Yeah Dylan is a really creative dude so I'm going do give him free reign in a few areas, but at the same time I have some very specific ideas in my head that I definitely want so hopefully the end result will be a nice blend of the two. 
I don't normally like crazy inlay work, but just the fact that his are so awesomely done makes me want to let him do something on my guitar. That said, intricate inlays can really add to the price, so we'll se what happens there.


nedheftyfunk said:


> Not sending pics is the mistake that I made and the trans. black turned out a little darker than I expected, which seems to be quite common. I think that lots of the trans. black pictures you see are taken in bright lights or outdoors, which really makes the tops stand out. In normal, indoor lighting, often they just look black. Without picking on any guitar manufacturer in particular, here's an Agile and a Jackson.
> 
> ....
> 
> ...



I hear you, thanks for that man, I'll make sure that the central portion is quite a light shade of grey. I think the best picture I've come across is this finish:






If Dylan can get that exact finish on a top of similar quality I will be _very_ happy!


----------



## -Nolly- (Dec 29, 2009)

I put down my deposit today and finalised the specs. It's going to be a 7-string superstrat body with beveled contours, set flame maple neck, ebony board without front inlays. 5A quilt maple top on a korina body, finished in a blackburst as similar to the Musicman BFR above. Hipshot hardware and Bare Knuckle pickups. 
Should be pretty tasty if I do say so myself.


----------



## ToniS (Dec 30, 2009)

Sounds awesome dude, can't wait to see it! 

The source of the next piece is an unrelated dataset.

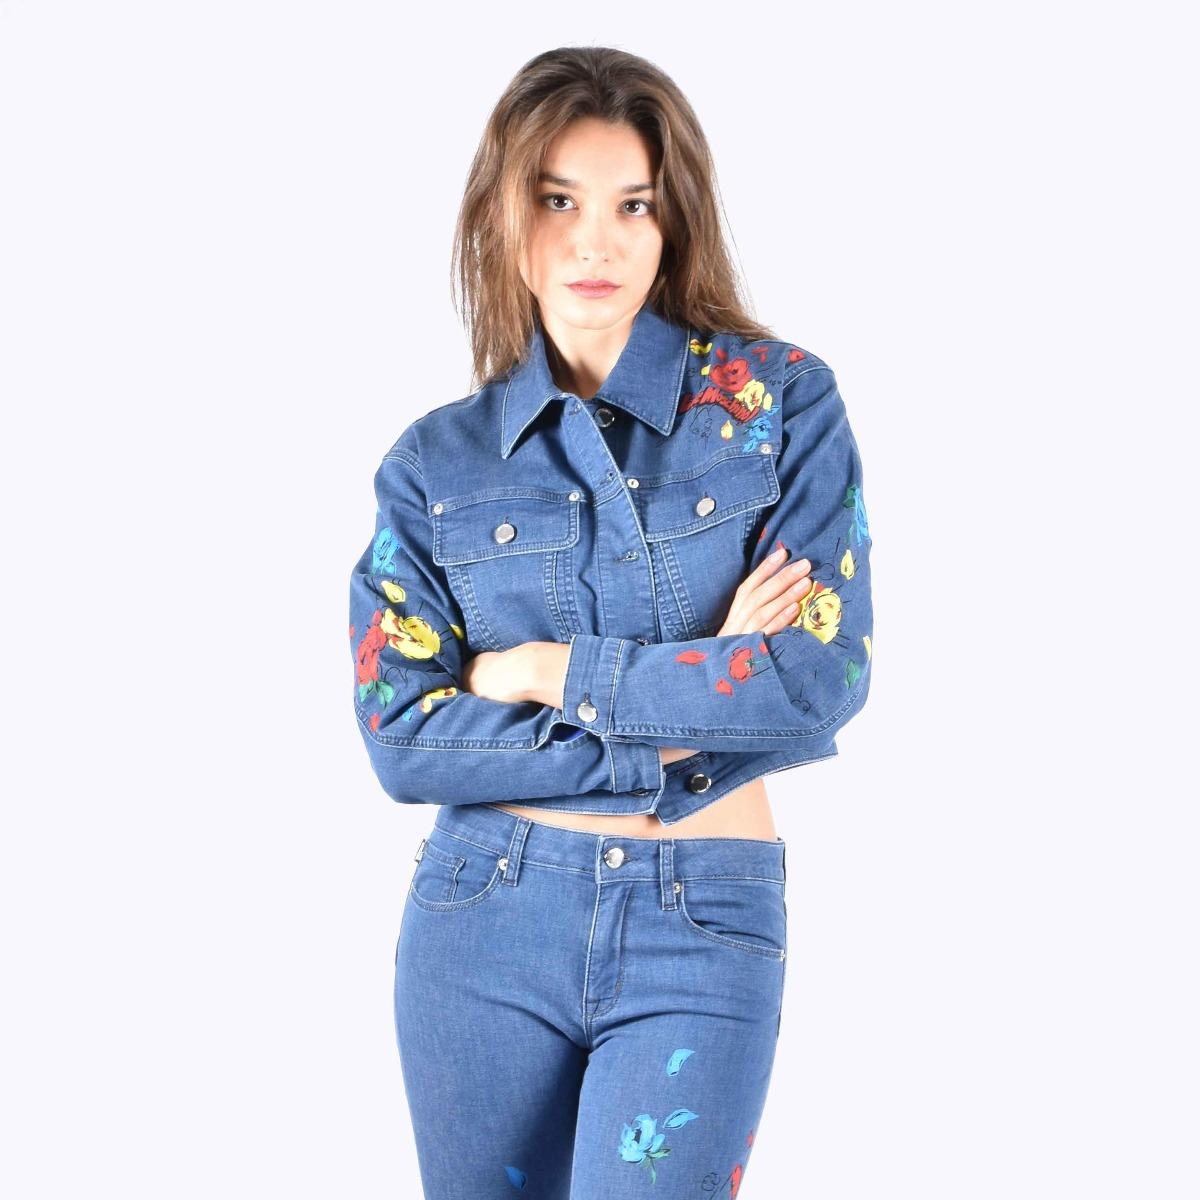 Giubbino jeans stampa fiori - Denim medio

How long does he usually build his guitars?


----------



## Hollowway (Dec 30, 2009)

You should check BRJ's charcoal finished, too. Nick (Zimbloth) told me he does quite the multistep process to get those to "pop." They have that depth, like the one you posted.


----------



## -Nolly- (Dec 30, 2009)

tongarr said:


> Sounds awesome dude, can't wait to see it!
> 
> How long does he usually build his guitars?



Awesome, well I'm going to be doing a buildstory so you should get to see it all the way through from raw timber to the finished thing!
Should be under two months from the start of the build provided things go to plan. We should be good to get started around mid to late January.



Hollowway said:


> You should check BRJ's charcoal finished, too. Nick (Zimbloth) told me he does quite the multistep process to get those to "pop." They have that depth, like the one you posted.



Yeah, the BRJ charcoal finish is lovely, I wonder what he does exactly... Anyway, Dylan has lots of experience doing stains and bursts and he knows exactly what I want so I'm sure he'll get it to come to life.


----------



## svart (Dec 30, 2009)

nedheftyfunk said:


> Not the best picture, but you get the idea.
> 
> 
> 
> ...


man... if you EVER sell it... just drop me a line... that still is a sight for sore eyes!


----------



## NecriteIstKrieg (Apr 20, 2011)

here are mine

2009 USA BC Rich Ironbird















2008 USA BC Rich Mockingbird (for sale)


----------



## ticklemeasian (Apr 20, 2011)

White Cluster said:


>



that gave me the biggest boner i've had since i found out olivia wilde had a sex scene, and yes this thing is hotter then olivia wilde


----------



## Psyy (Apr 20, 2011)

Holy necrobump. 

Was this inspiration for Nolly's first Daemoness?


----------



## -Nolly- (Apr 20, 2011)

Hahaha, yes it was!


----------



## Thrashmanzac (Apr 20, 2011)

now you gotta recap the thread with how it turned out - TWO YEARS LATER


----------



## Rashputin (Apr 20, 2011)

Here are some pictures of my Koa blackburst Carvin. The pictures do not do it justice though. IRL it looks amazing. Very deep and dark burst. Hard to photograph indoors. I'll have to bring it outside for a photo session one of these days.


----------



## -Nolly- (Apr 20, 2011)

Thrashmanzac said:


> now you gotta recap the thread with how it turned out - TWO YEARS LATER



Indeed, here is the guitar I ended up with


----------



## mikernaut (Apr 20, 2011)

Stunning Nolly. you always spec out awesome guitars. I still love your pink one.


----------



## BucketheadRules (Apr 20, 2011)

-Nolly- said:


> Indeed, here is the guitar I ended up with



WANTWANTWANTWANTWANTWANTWANT.


----------



## Antenna (Apr 20, 2011)

hey Nollz what kind iof bridge is that? I hit Dylan up with a spec sheet but I may need to change it now that I've seen that Scrait Gangster bridge you got there. Wish Schaller made a Hannes 7 bridge.


----------



## R3V0LT3 (Apr 20, 2011)

Antenna said:


> hey Nollz what kind iof bridge is that? I hit Dylan up with a spec sheet but I may need to change it now that I've seen that Scrait Gangster bridge you got there. Wish Schaller made a Hannes 7 bridge.



It's a Hipshot bridge. 

7 String Fixed .125 Guitar Bridge Black > Store > Hipshot Products


----------